Any decision to elect to receive Scrip Shares will be a matter for individual determination by each Shareholder and will depend upon their circumstances, as will the precise tax consequences of such an election. The summary set out below is not exhaustive and (except where otherwise indicated) only relates to the position of UK-resident Shareholders who are the beneficial owners of their shares. Investors should consult their own professional tax advisors, however, in relation to the tax consequences of electing Scrip Shares.

Shareholders who are in any doubt as to what action to take, or who are subject to tax in a jurisdiction other than the UK, should consult an independent professional advisor.

12.1. UK Taxation of Chargeable Gains

On the basis of case law, UK-resident Shareholders should not receive any income liable to UK income tax or corporation tax to the extent that they elect to receive Scrip Shares instead of the Cash Dividend. Nor should they make any disposal for chargeable gains tax purposes at the time at which the Scrip Shares are allotted. Instead the Scrip Shares and the original registered holding of Ordinary Shares (the "Original Holding") should be treated as a single holding acquired at the time of the Original Holding. There will be no allowable expenditure for chargeable gains tax purposes arising in respect of the Scrip Shares, and the allowable expenditure arising in respect of the Original Holding will be apportioned across the Original Holding and the Scrip Shares. A disposal for chargeable gains tax purposes will only arise at the time at which the Shareholder subsequently disposes of the Scrip Shares or the Original Holding (a "Subsequent Disposal").
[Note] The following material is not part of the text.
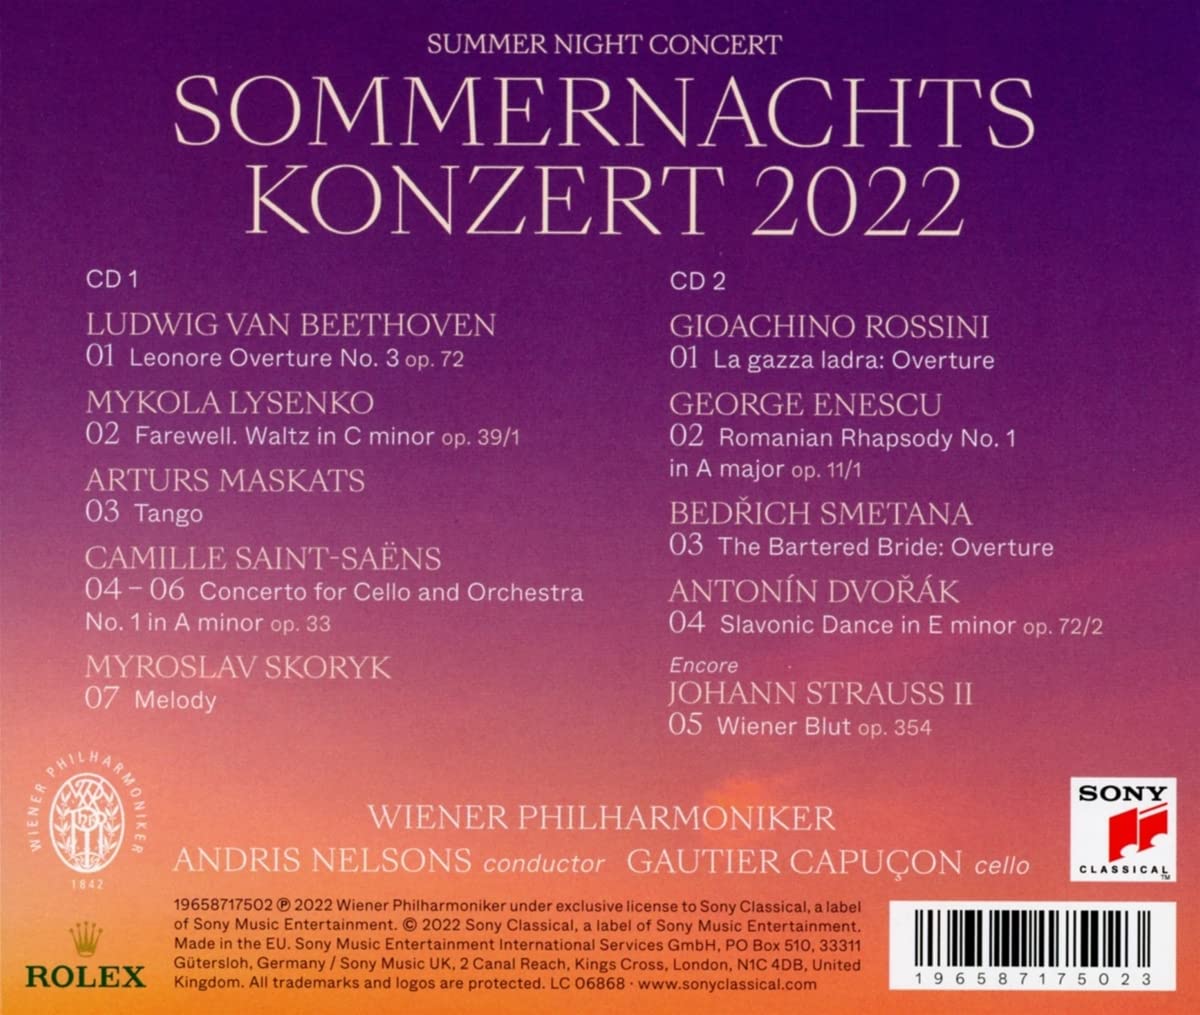 2022 빈 필하모닉 여름 음악회 [썸머 나잇 콘서트] (Summer Night Concert 2022 - Andris Nelsons)

UK-resident individual Shareholders may be subject to capital gains tax in respect of chargeable gains arising on a Subsequent Disposal depending on their individual circumstances. UK-resident corporate Shareholders may be subject to corporation tax in respect of chargeable gains arising on a Subsequent Disposal depending on their individual circumstances. UK-resident exempt funds will not be liable to tax on chargeable gains arising upon a Subsequent Disposal of investments held for the purpose of the fund.

12.2. Stamp duty

No UK stamp duty or stamp duty reserve tax will be payable on the issue of the Scrip Shares.